Ask your consultant: “How are you remunerated for the different options listed in your recommendations?”

When you come across these statements, make sure you ask the consultant to back them up. A good financial consultant will help you make investment decisions that are appropriate for your needs, and these change according to what stage of your life you are at.

Consider Before Hiring a Financial Consultant



Many companies will, throughout the life of their business, realise that need to hire financial help. This can be right at the start of setting up in business because of the need to have a solid financial plan, or further down the line due to the growth of the company or unexpected financial problems.

Thankfully, there are a huge number of options available on the market today for any company that finds themselves in any of the above situations. These can range from adding full-time specialist staff to their business or hiring a consultant, to seeking free advice from local authorities or investing in services from large financial advisory firms.

For many reasons, including cost and practicality, a popular choice among companies today is hiring independent consultants or consultancy firms to meet any financial advisory needs. However, there are several things to consider during the hiring process to make sure that a company gets the results they want.

The first thing that any company should ask is what licences, certifications and credentials a financial advisory consultant has. There are several different types of financial advisors, including the Certified Financial Planner (CFP), the Chartered Financial Consultant (ChFC), Registered Investment Advisor (RIA) and the Certified Public Account (CPA).

Each of these credentials is particularly suited to different types and sizes of business, so a company needs to do their research on which certification is best for their specific needs. Similarly, anyone wished to hire a consultant specialising in financial advisory needs to inform themselves about the specific services provided.

As well as learning exactly what services a consultant can deliver, it is important to know what they cannot provide to their client companies. A business that knows its needs in detail before searching for a financial advisory consultant is therefore more likely to find the ideal candidate and service much quicker.

Another important consideration for companies looking to hire an expert in financial advisory is considering the niche area of the consultant they are considering.

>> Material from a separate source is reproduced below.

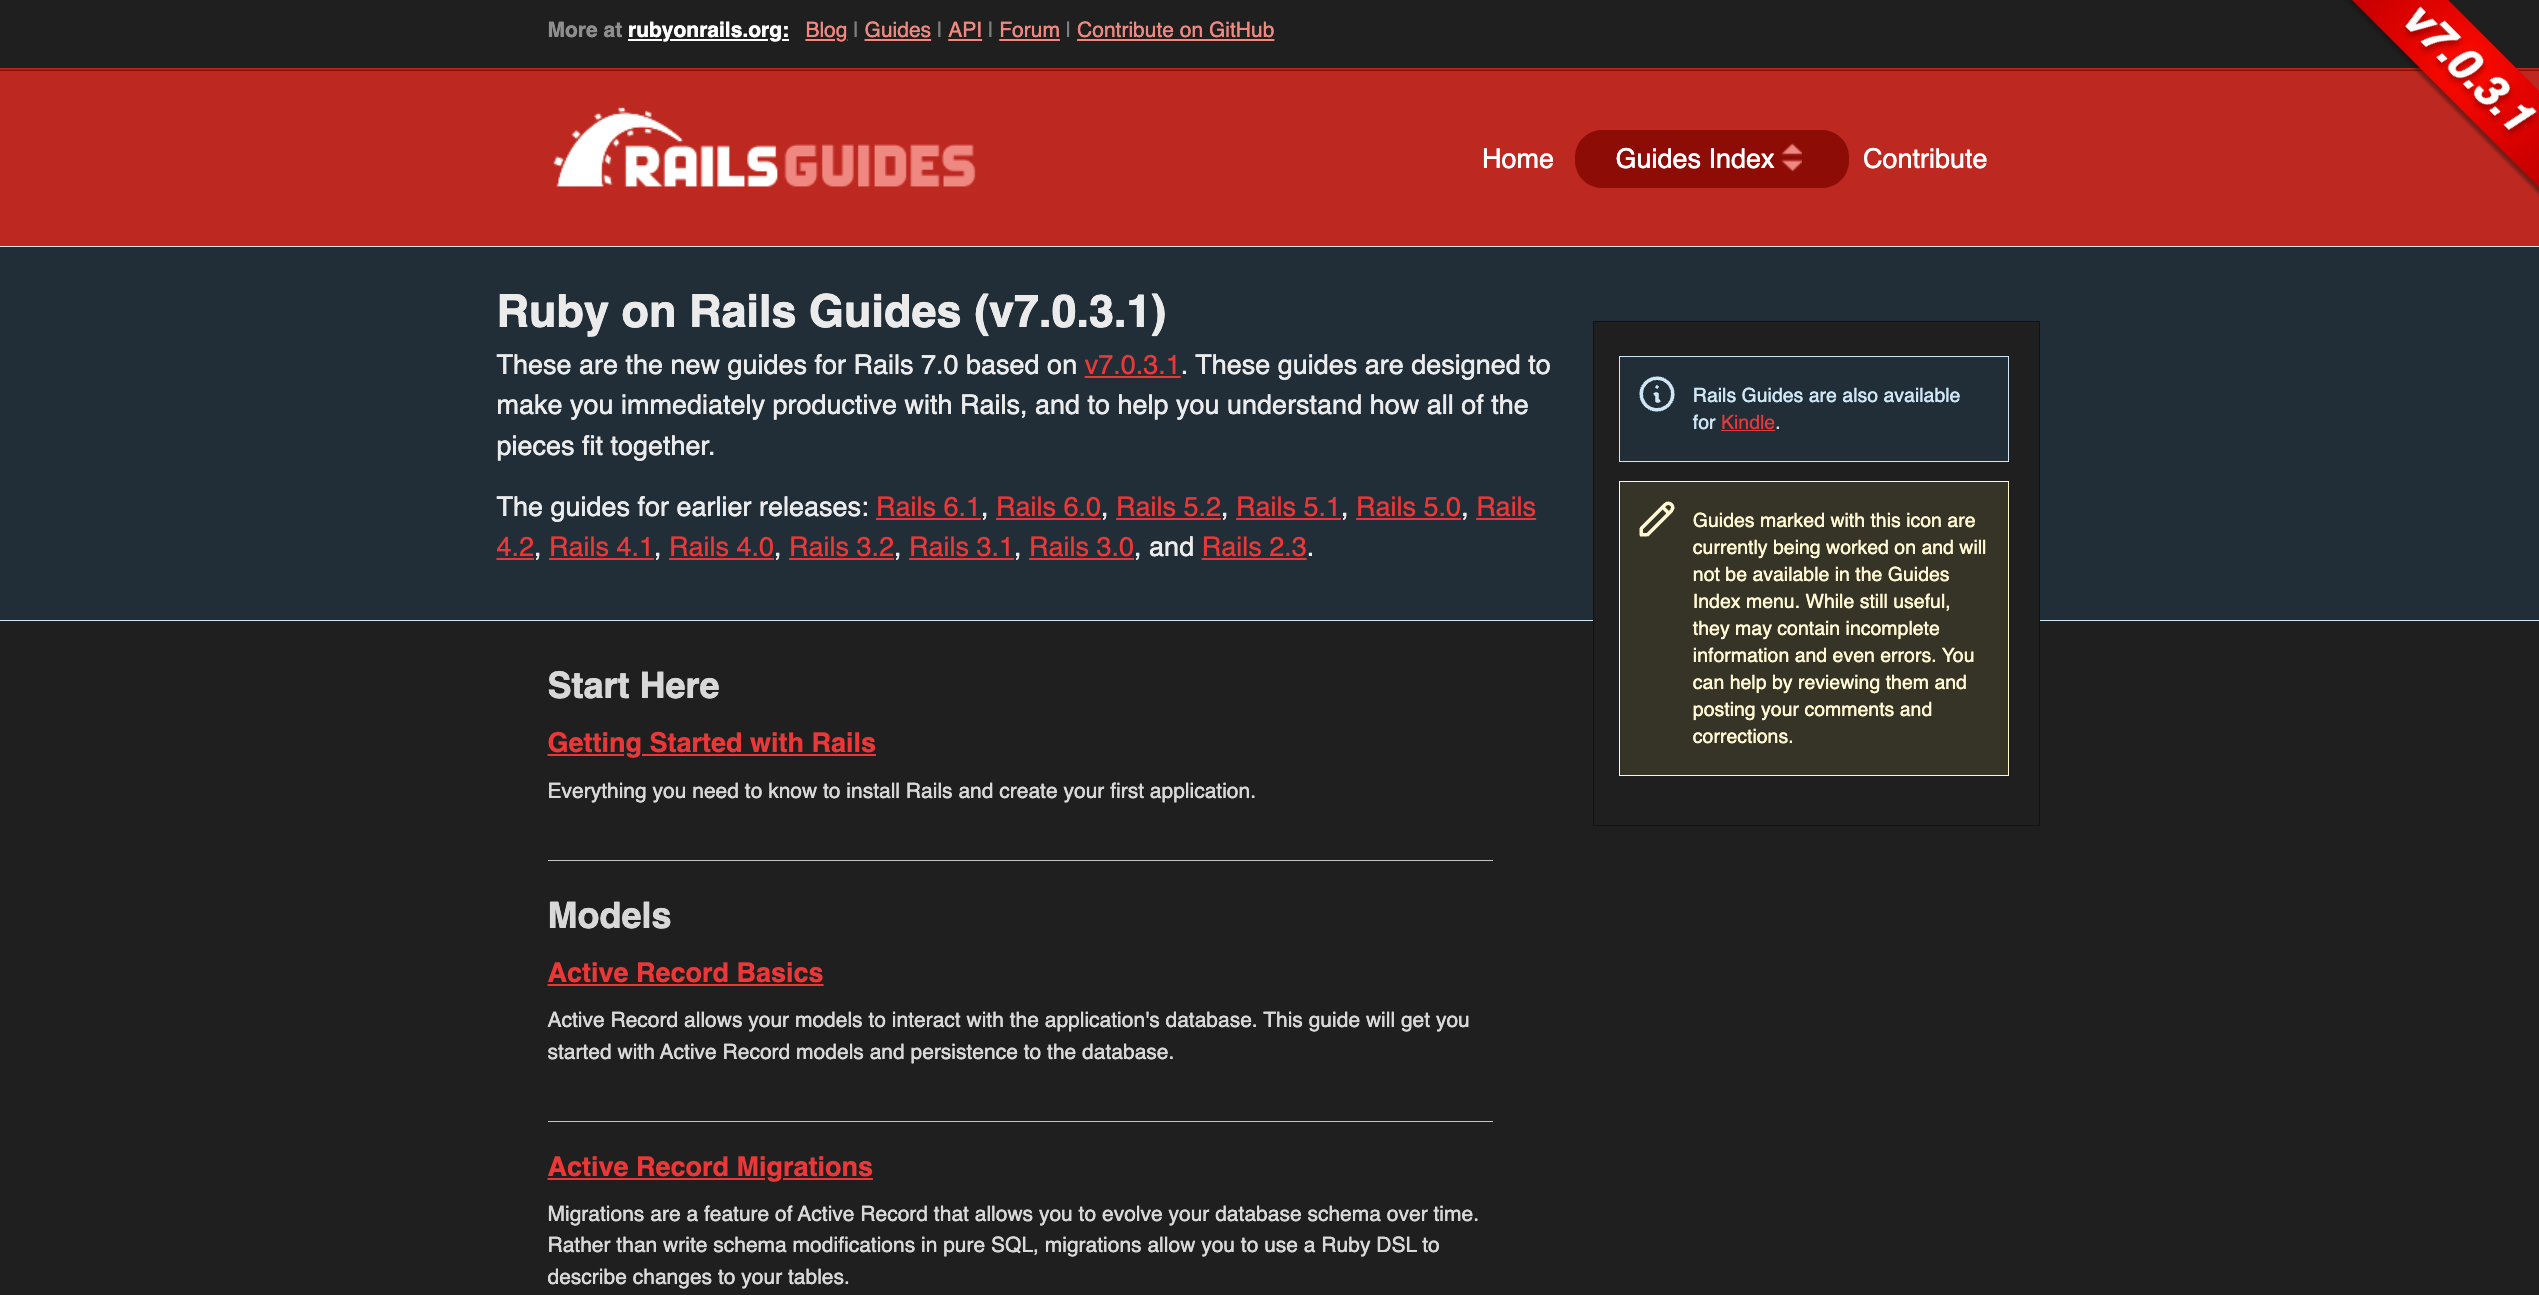 RailsGuides 網站首頁：包含 Rails 的各類使用手冊
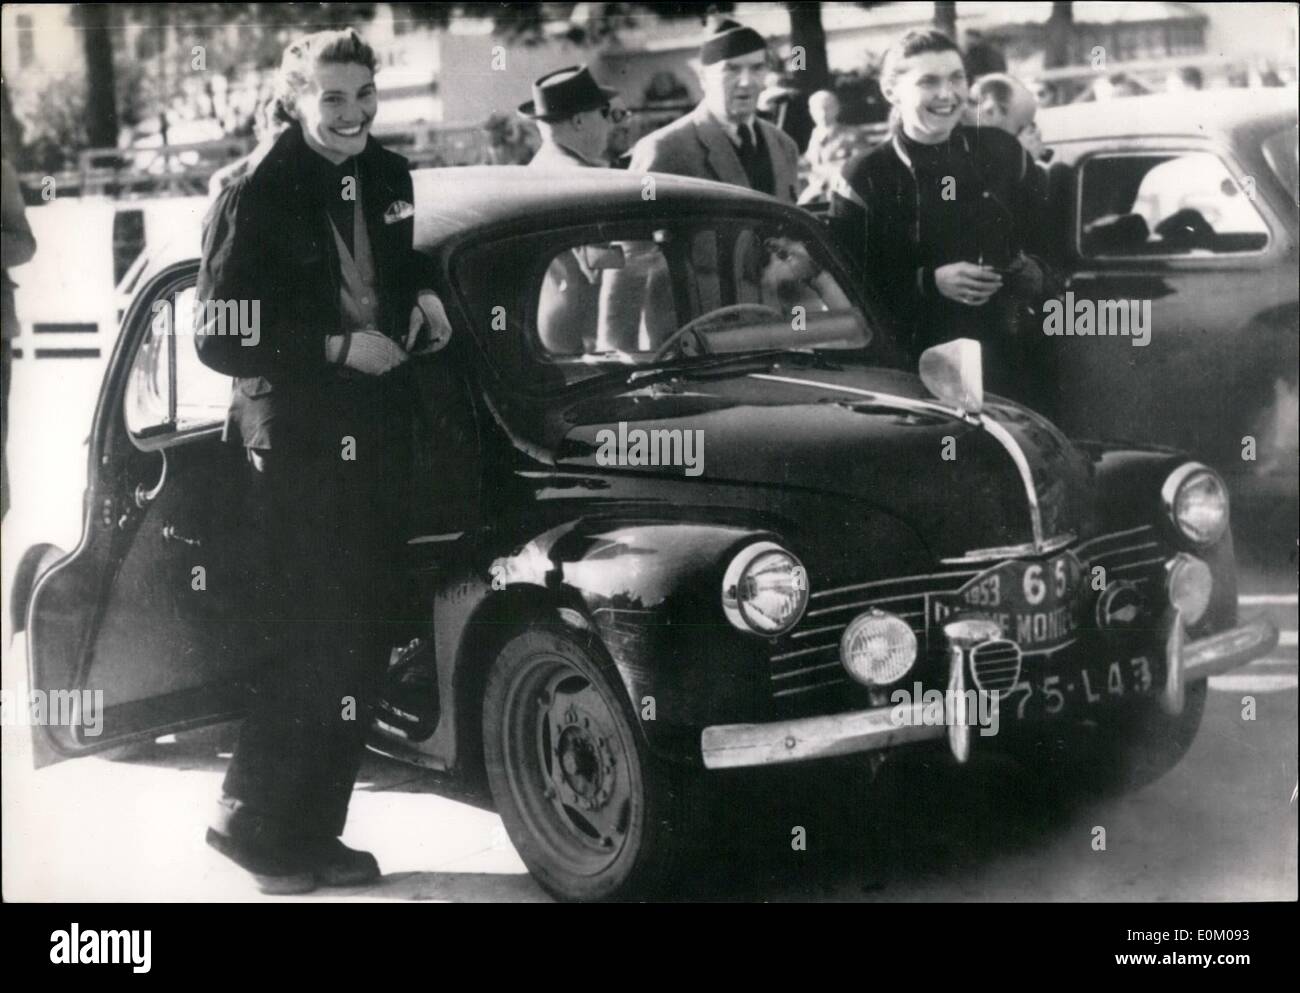 01 janvier 1953 - Rallye de Monte Carlo : Fist arrivées la dame française MMEs équipe Pochon Terray conduisant une voiture Renault photographiés à leur arrivée à Monte Carlo ce matin. Banque D'Images

If the company has particular values, such as social responsibility, a like-minded advisor with considerable experience in this area is more likely to be a good match.

Companies can also ask to see a sample financial plan from the consultant or consultancy firm they are looking at. As each expert in financial advisory has a different way of working, seeing a sample plan will allow a snapshot of what the reality of working with them can do for a business.

To give a specific example, some financial advisory consultants will provide very detailed financial plans, whilst others will provide a simplified and more easy-to-understand summary of key areas to focus on. Either of these may meet the demands of a business, or they may not. In the latter instance, a company will know to look elsewhere for a consultant more suited to them.

Last of all, a company should check whether they will be working with an individual or a team of consultants. Even though one of these options is not intrinsically better than the other, many companies will have preferences in the way of working in their business.

Working with a financial advisory team from a consultancy firm can bring benefits in the way of always being able to be in touch with expert help if it is needed, especially in urgent situations. On the other hand, working with an individual consultant can allow a more intimately knowledgeable relationship to build up between them and the company.

These are just a few of the important questions that companies should be asking when they are looking to invest in financial advisory services from an individual consultant or a consultancy firm.By evaluating their own specific needs and preferences for a way of working first, they can find a perfect match and the ideal financial solutions they require more rapidly.